Soft Adaptive Policy Optimization (SAPO)

From GRPO to SAPO

Group Relative Policy Optimization (GRPO)

Standard PPO requires a critic (or value) model to estimate advantages. GRPO eliminates the critic by computing advantages relative to a group of sampled responses.

The Core Idea

For each prompt $q$ , sample $G$ responses $\{y_1, \ldots, y_G\}$ from the policy. Score each response with a reward function $R(q, y_i)$ . Then compute the advantage:

\hat{A}_{i,t} = \hat{A}_i = \frac{R_i - \operatorname{mean}\left(\{R_j\}_{j=1}^G\right)}{\operatorname{std}\left(\{R_j\}_{j=1}^G\right)}

This is just z-score normalization within the group. Note that we use the same advantage for all tokens in a response ( $\hat{A}_{i,t} = \hat{A}_i$ ).

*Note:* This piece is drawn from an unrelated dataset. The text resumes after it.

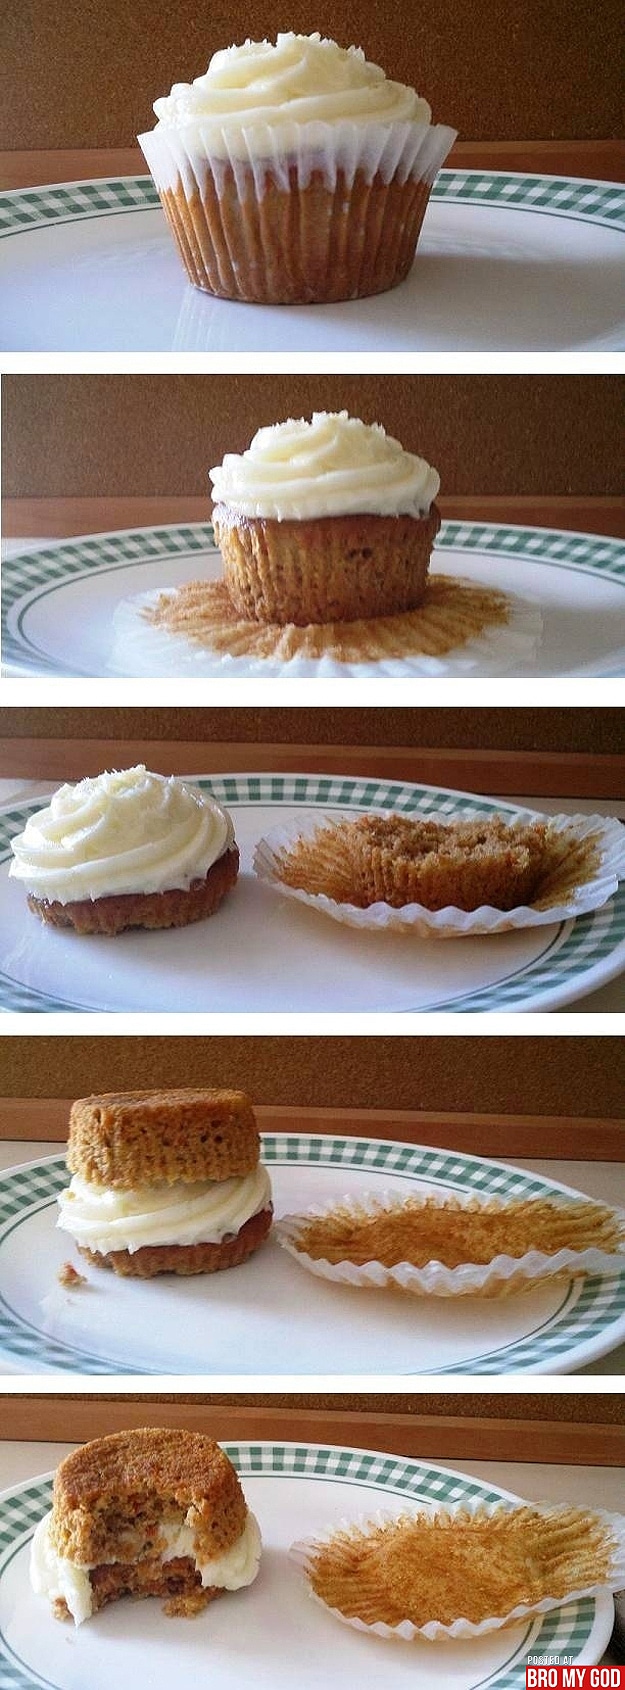 how-to-eat-a-cupcake

The algorithm is actually pretty simple:

Sample a group of $G$ responses for each prompt
Score each response with a reward model
Normalize rewards within the group -> advantages
Update the policy using these relative advantages

But why groups? In PPO, we compute advantages as $A = R - V(s)$ , where $V(s)$ is a learned baseline (the expected return from state $s$ ) – basically calculating the gain compared to the baseline. Standard PPO trains a critic network to estimate $V(s)$ .

For LLMs, this adds overhead – either a separate value model or an extra head on the base model. GRPO's solution: estimate the baseline from a group of samples. Generate $G$ responses for the same prompt, score them, use the mean as the baseline. If response A scores higher than average – reinforce it. If response B scores lower – suppress it.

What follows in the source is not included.